▶ PROVIDED DATA
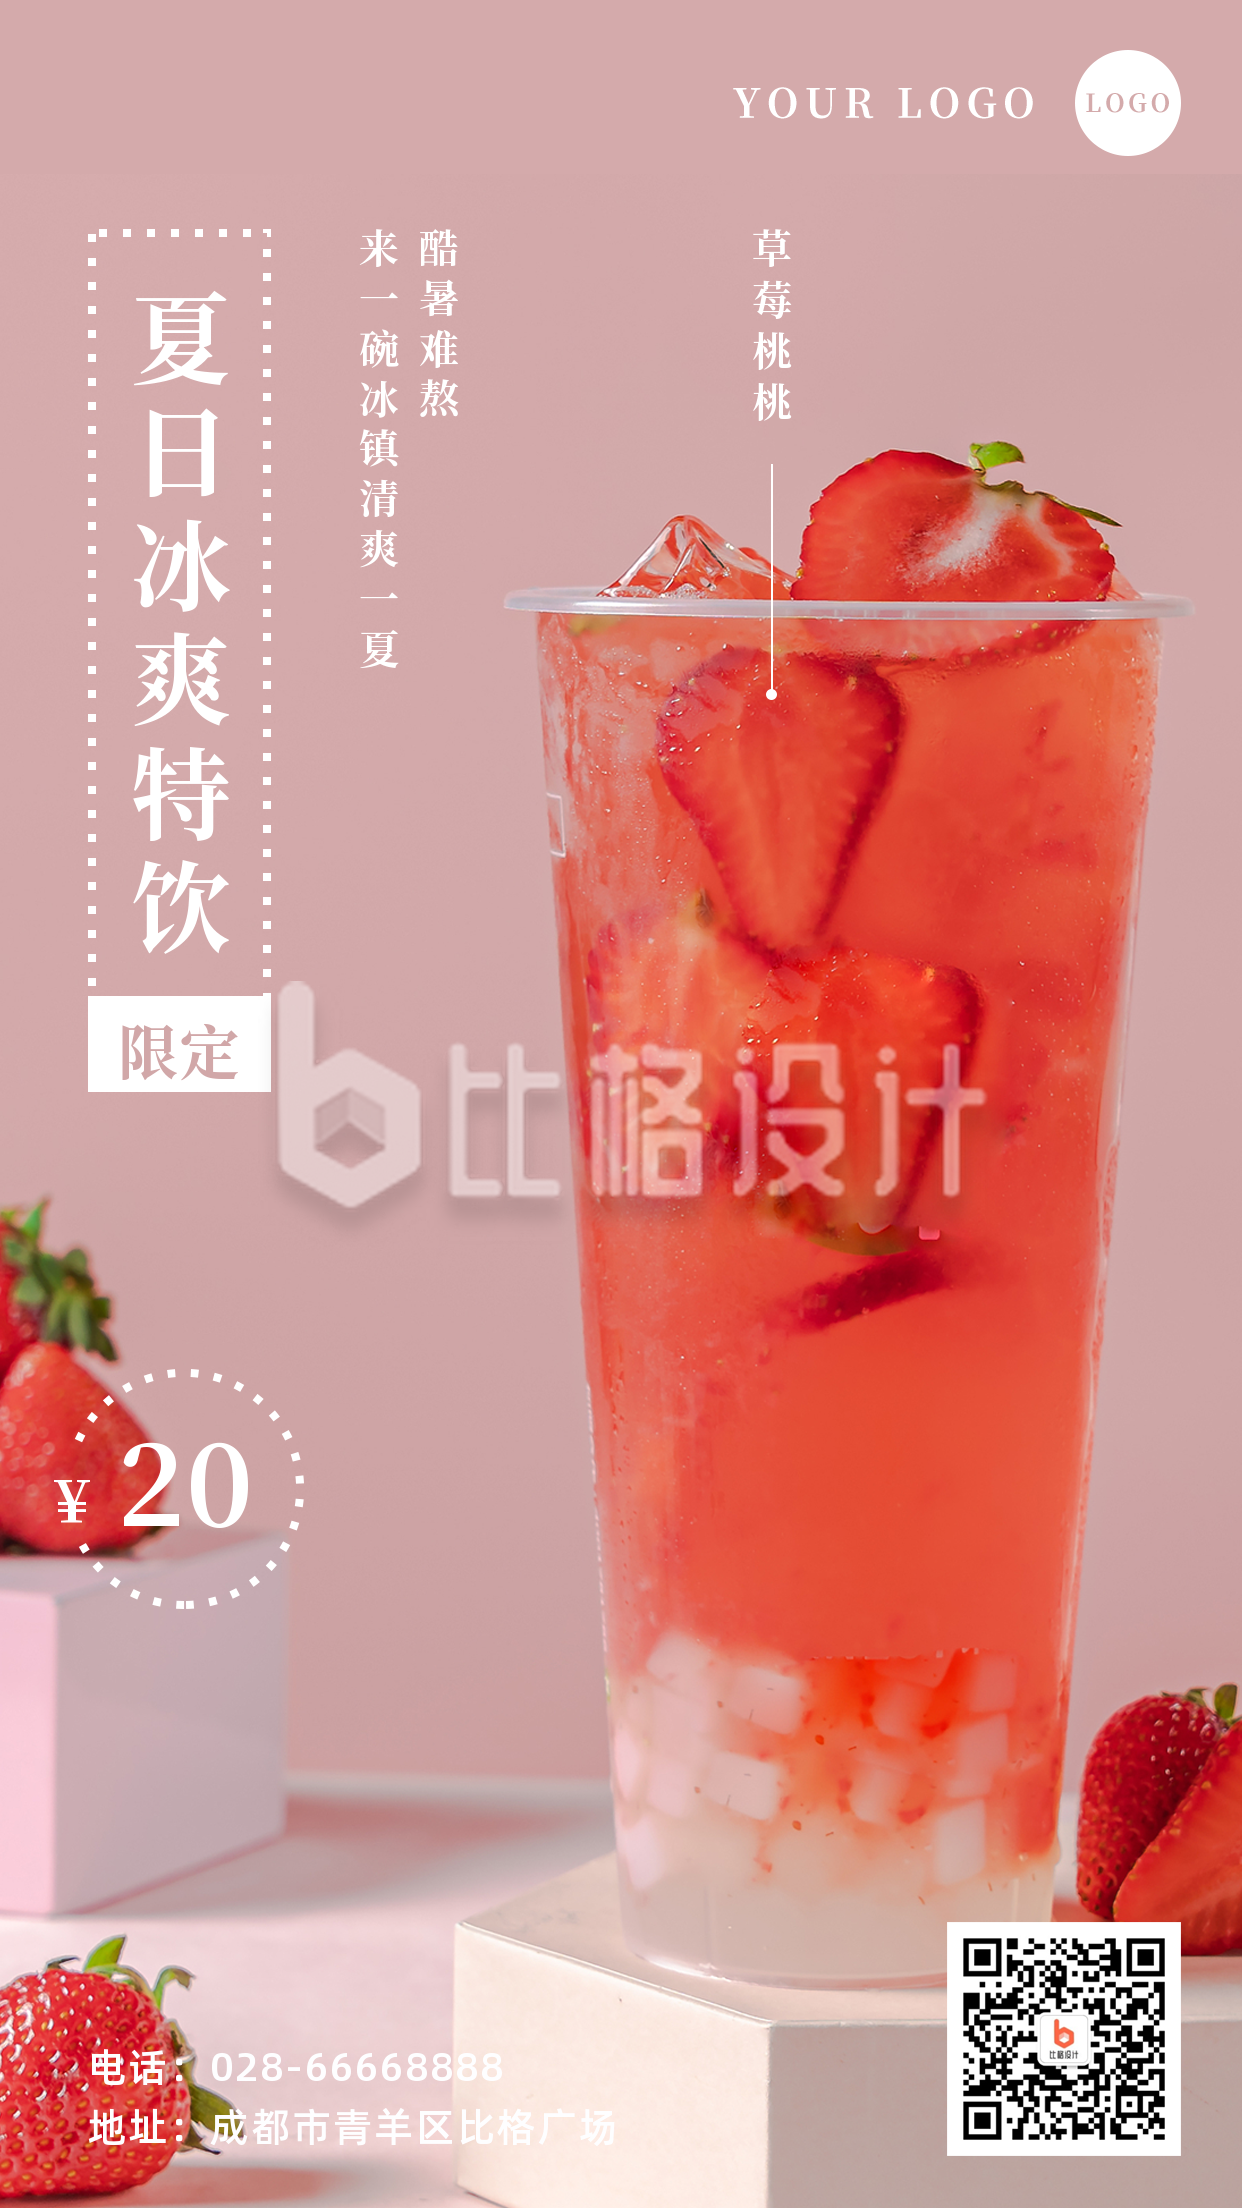 简约文艺清新夏日饮品促销宣传手机海报
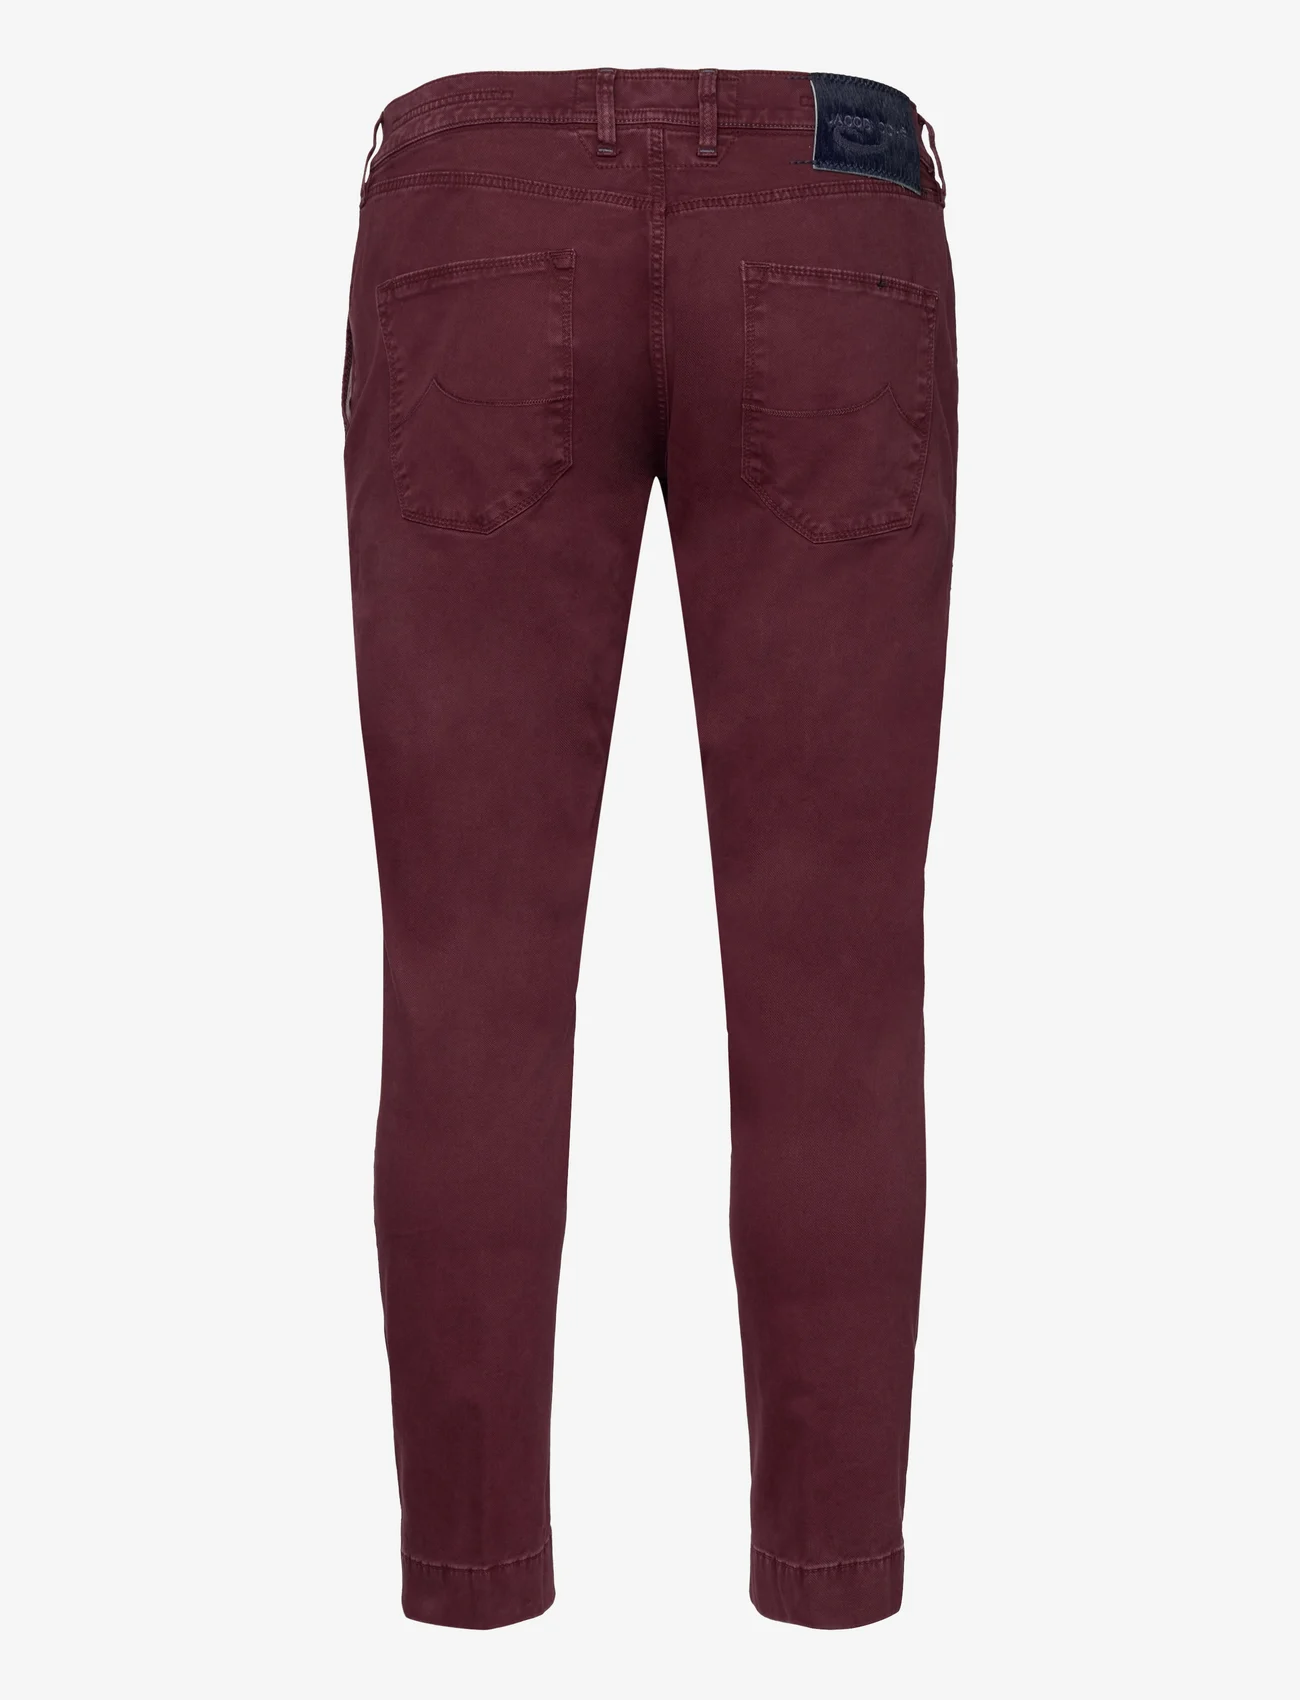 Jacob Cohen - 5P COMFORT PPT STR VINTAGE - regular jeans - burgundy - 1
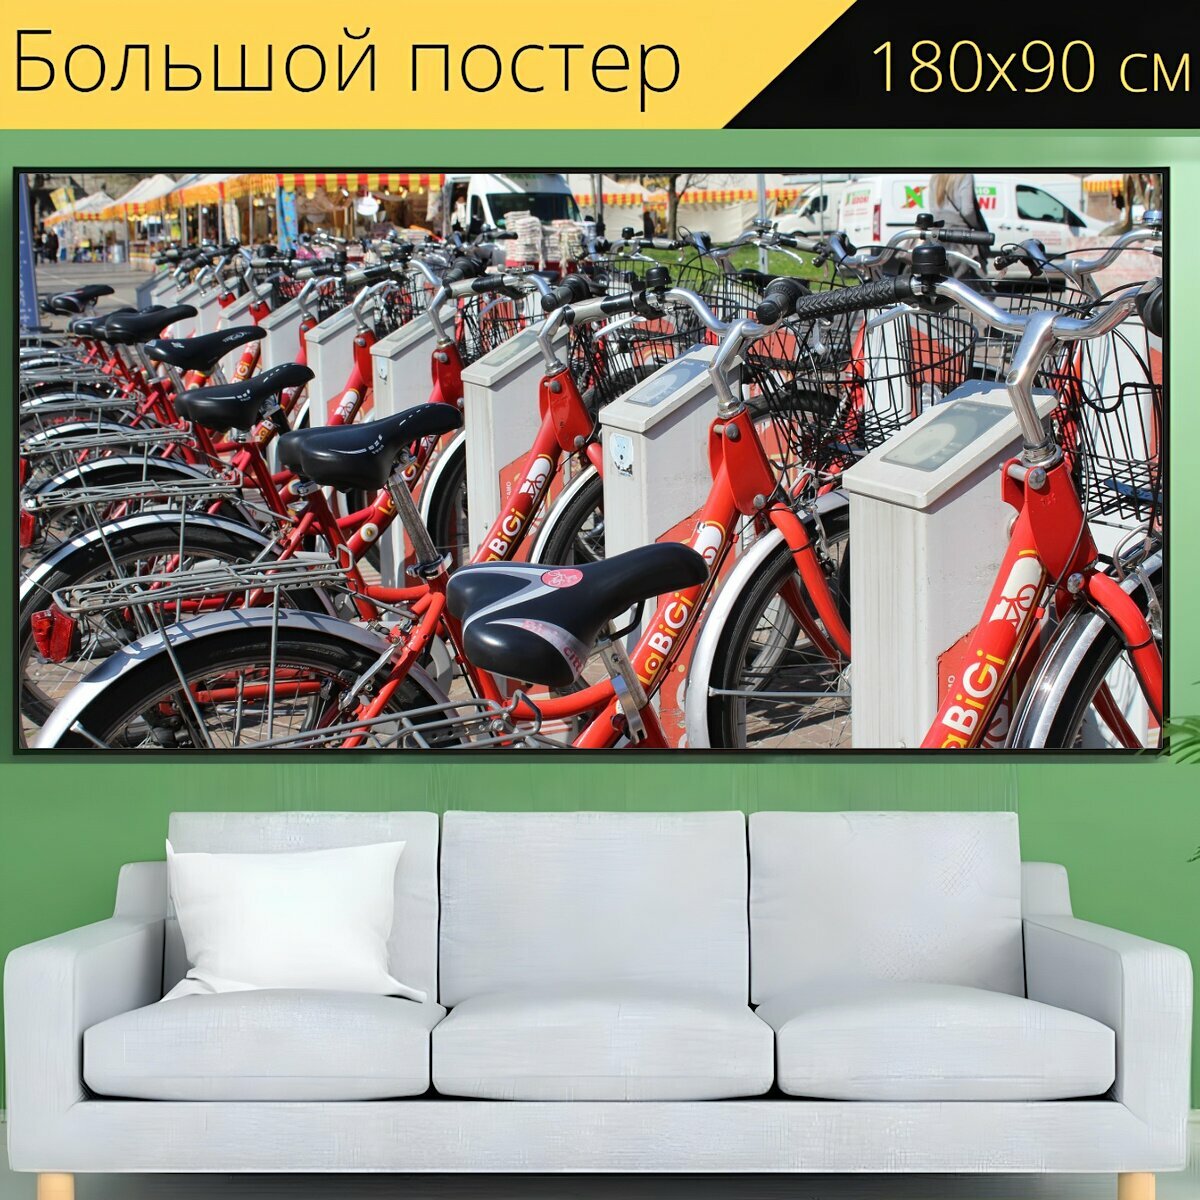 Большой постер "Велосипеды, прокат велосипедов, транспорт" 180 x 90 см. для интерьера
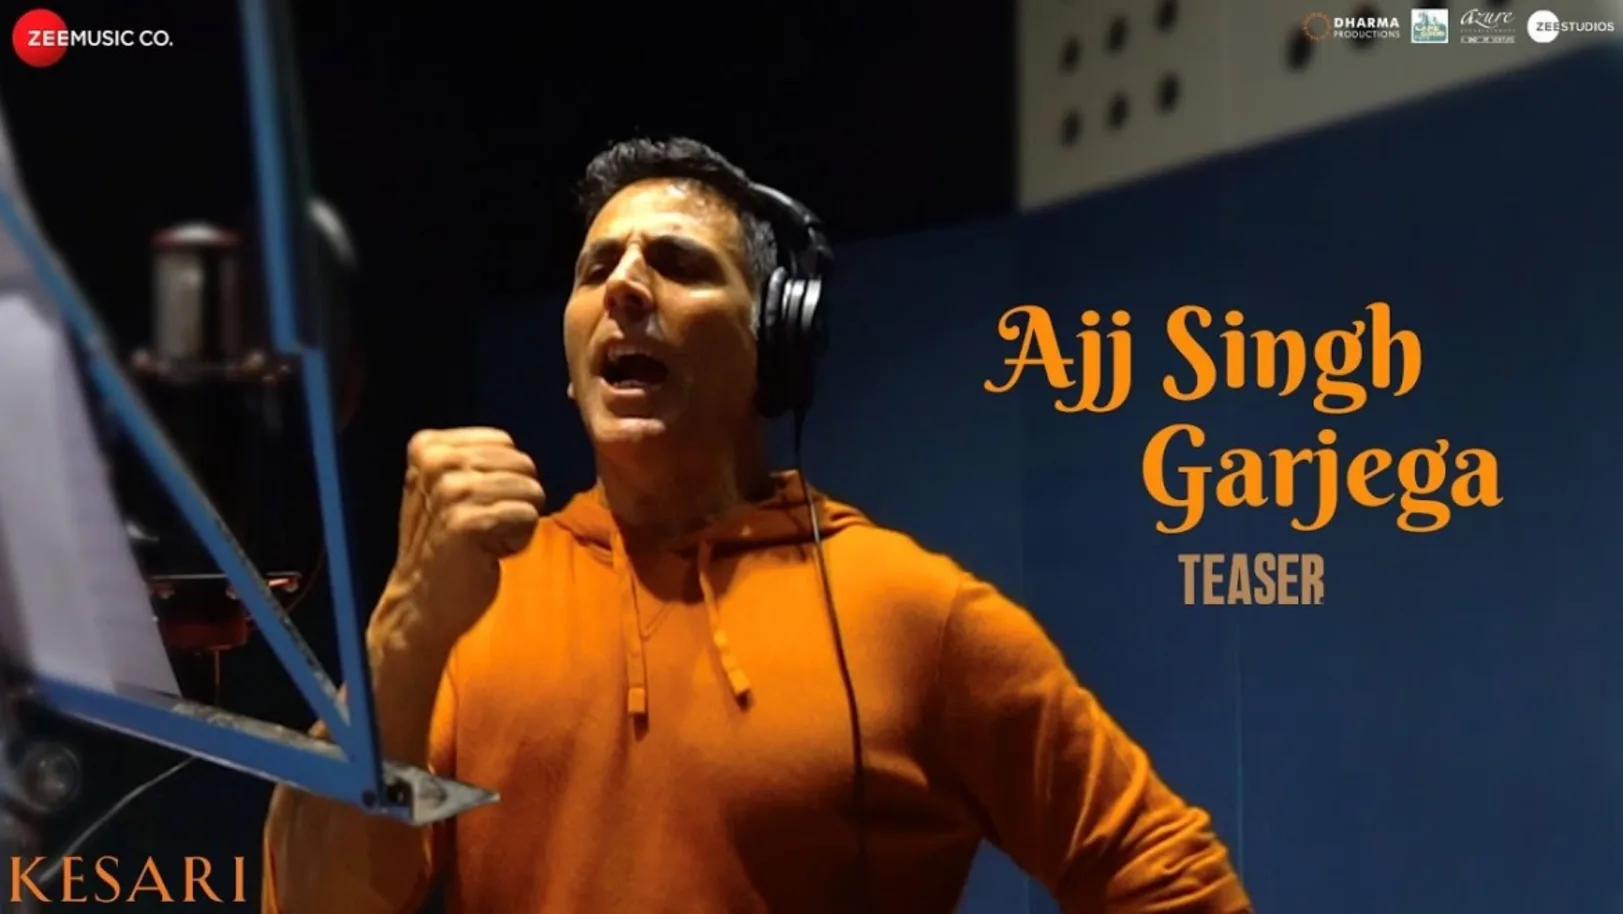 Ajj Singh Garjega (Teaser) - Kesari | Akshay Kumar | Parineeti Chopra

▶ WHAT IS NEEDED
Reproduce all of the data exactly, omitting each picture it holds.

▶ ANSWER AREA
 简约文艺清新夏日饮品促销宣传手机海报
 Jacob Cohen - 5P COMFORT PPT STR VINTAGE - regular jeans - burgundy - 1
 Большой постер "Велосипеды, прокат велосипедов, транспорт" 180 x 90 см. для интерьера
 Ajj Singh Garjega (Teaser) - Kesari | Akshay Kumar | Parineeti Chopra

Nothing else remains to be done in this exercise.